In this study, we developed an innovative mediation counterfactual framework for the microbiome as a mediator to adopt the zero-inflation characteristics of the microbial mediator. In particular, we incorporated the inverse probability weighting method for parameter estimations and used zero-hurdle models for the zero-inflated mediator in the count data form. We showed that a zero-inflated mediator can be decomposed into two components of which the first part is for whether an OTU presents for the subject, and the second part is for a unit increase in outcome with the OTU’s increase. We also constructed the bootstrap standard errors for the microbial variables in a real-data application and provided the corresponding empirical confidence intervals. Simulation studies demonstrated the robust performance of the proposed method in terms of the mediation effect estimation, including both direct and indirect effects. It was shown that the weighting-based approach has less bias than the model-based approach when consonant or dissonant effects are present in the microbiome data. If the true models are known, model-based mediation models should work well, theoretically. However, the true models of the relationship between exposure to the mediator, mediator to the outcome, and exposure to the outcome are usually unknown, especially when dealing with complex human microbiome data. The weighing-based mediation model can avoid the specification of the outcome model and exposure–covariate interactions, resulting a more robust estimation for the unknown true relationships. In addition, the simulation revealed that ZHNB models fit the microbiome mediator better than GLM, especially when excessive zeros were present. In the DIABIMMUNE dataset, model-based M-ZHNB models estimated larger SNIE than W-ZHNB for both taxa Lactobacilllus and Lactococcus.
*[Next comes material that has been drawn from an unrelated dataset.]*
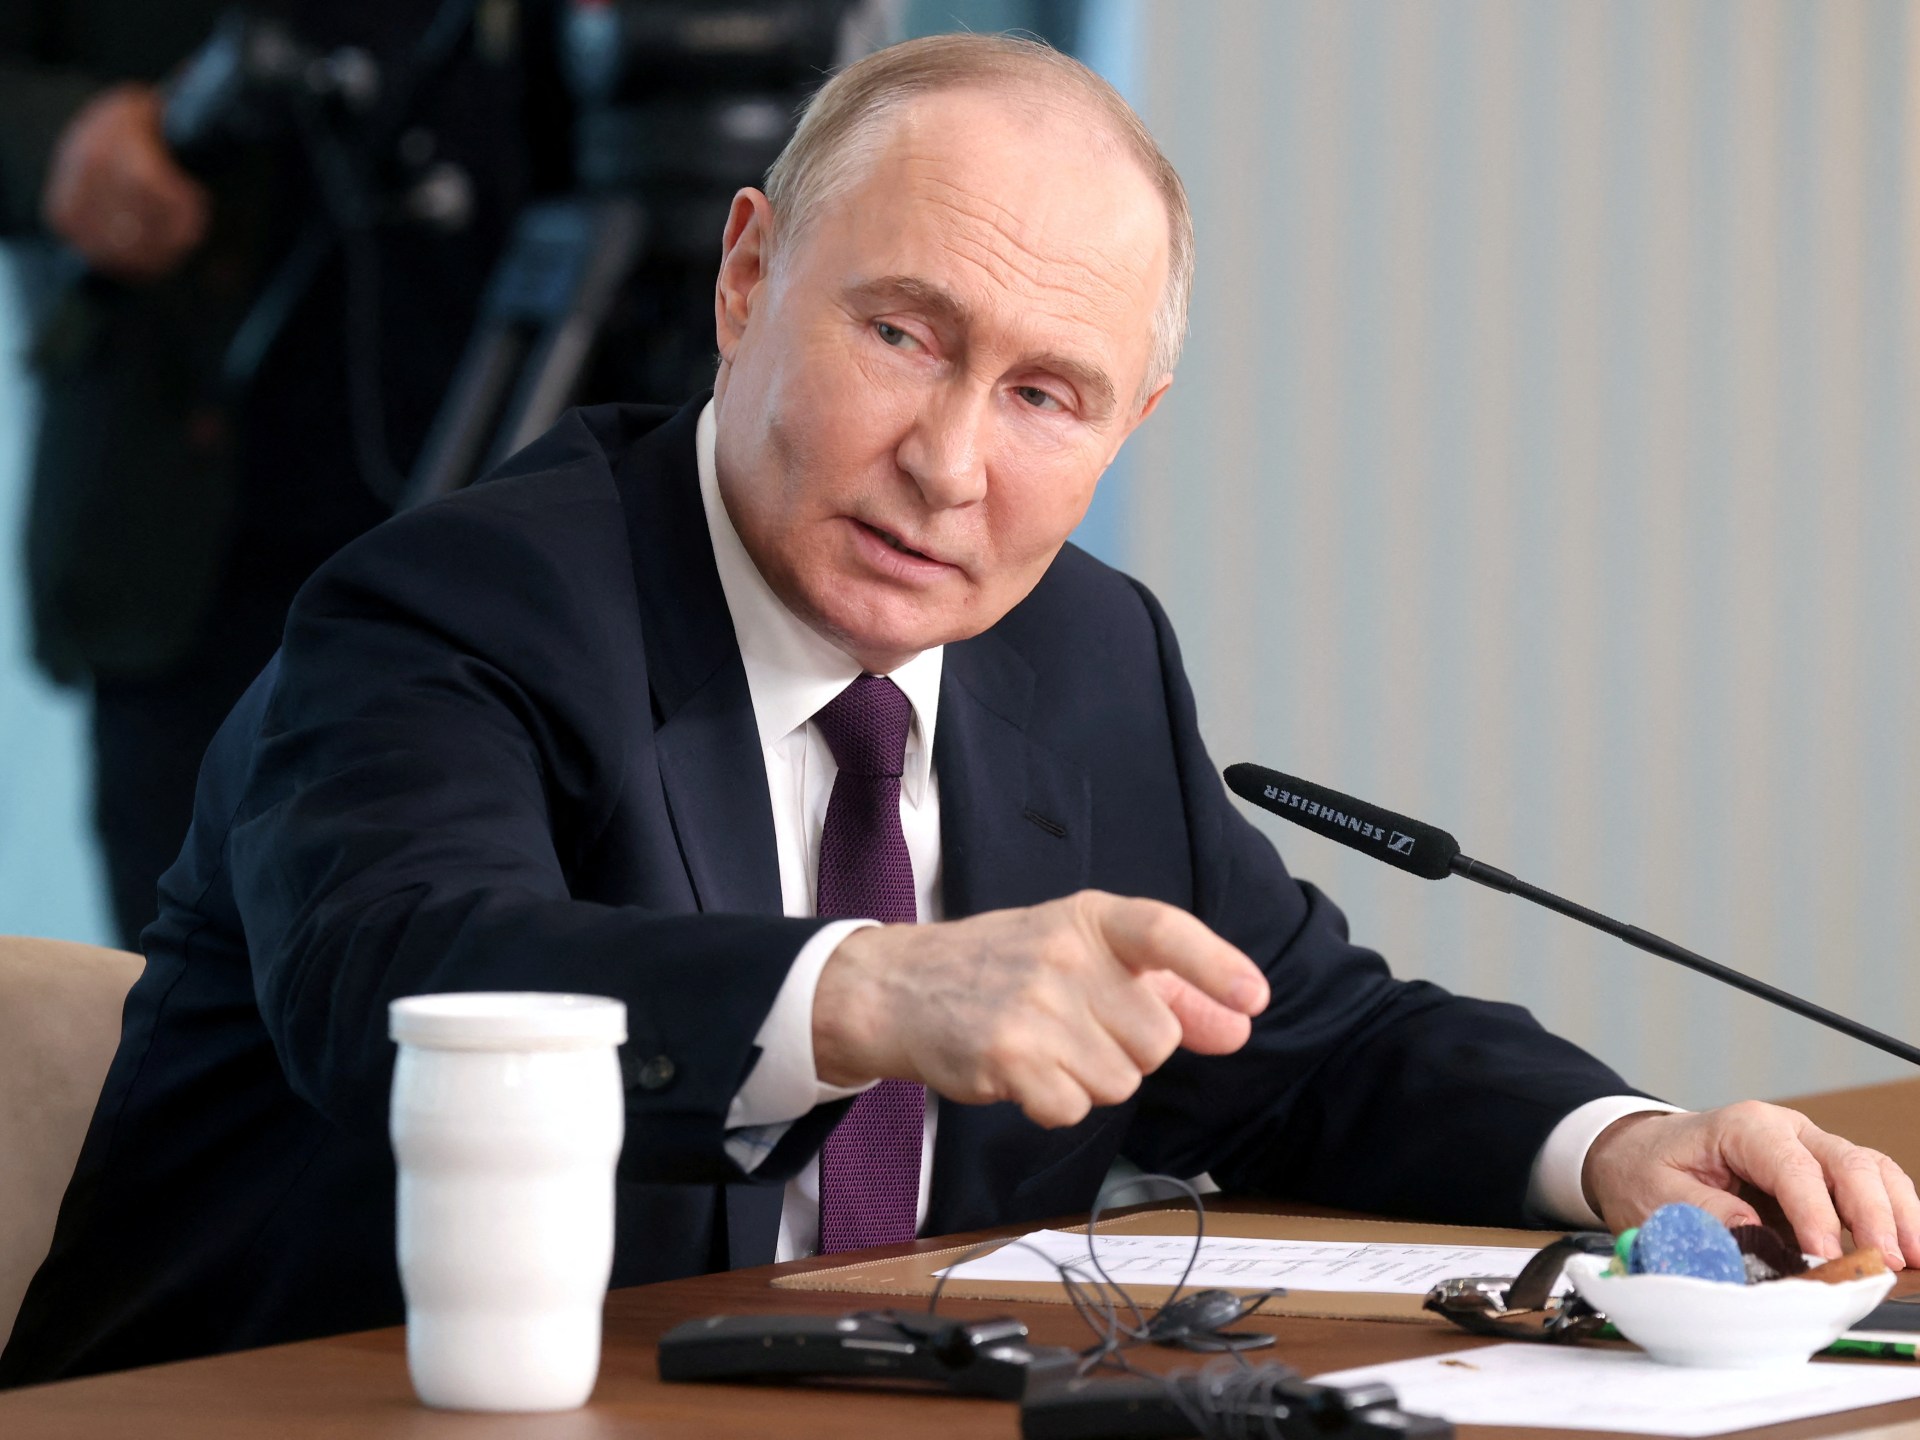 بوتين يحذر الغرب بشأن أسلحة أوكرانيا وترسانتها النووية في مؤتمر صحفي |  أخبار فلاديمير بوتين

Several extensions of our proposed approach could be explored in the future. We considered the situation where both exposure and outcome are binary. One natural extension is to accommodate multilevel or continuous exposure and/or outcomes. Although our framework can handle microbiome count data as mediators, it would be desirable to extend microbiome count data to relative abundance in the proposed weighting mediation framework in future research. The human microbiota is a dynamic ecosystem that can interact within itself and change over time. In this study, we focused on the mediation effect of a single time point of one OTU to address the knowledge gap of existing mediation frameworks being unable to handle the overdispersion and zero-inflation problems produced by OTU abundances. Multiple OTUs could result in interaction effects among the taxa as microbiome mediators, which would be our next step to explore. The dynamic change in the OTUs is interesting, so it would be important to explore the meaning of a mediation effect of OTUs. We will investigate longitudinal human microbiota data in the future.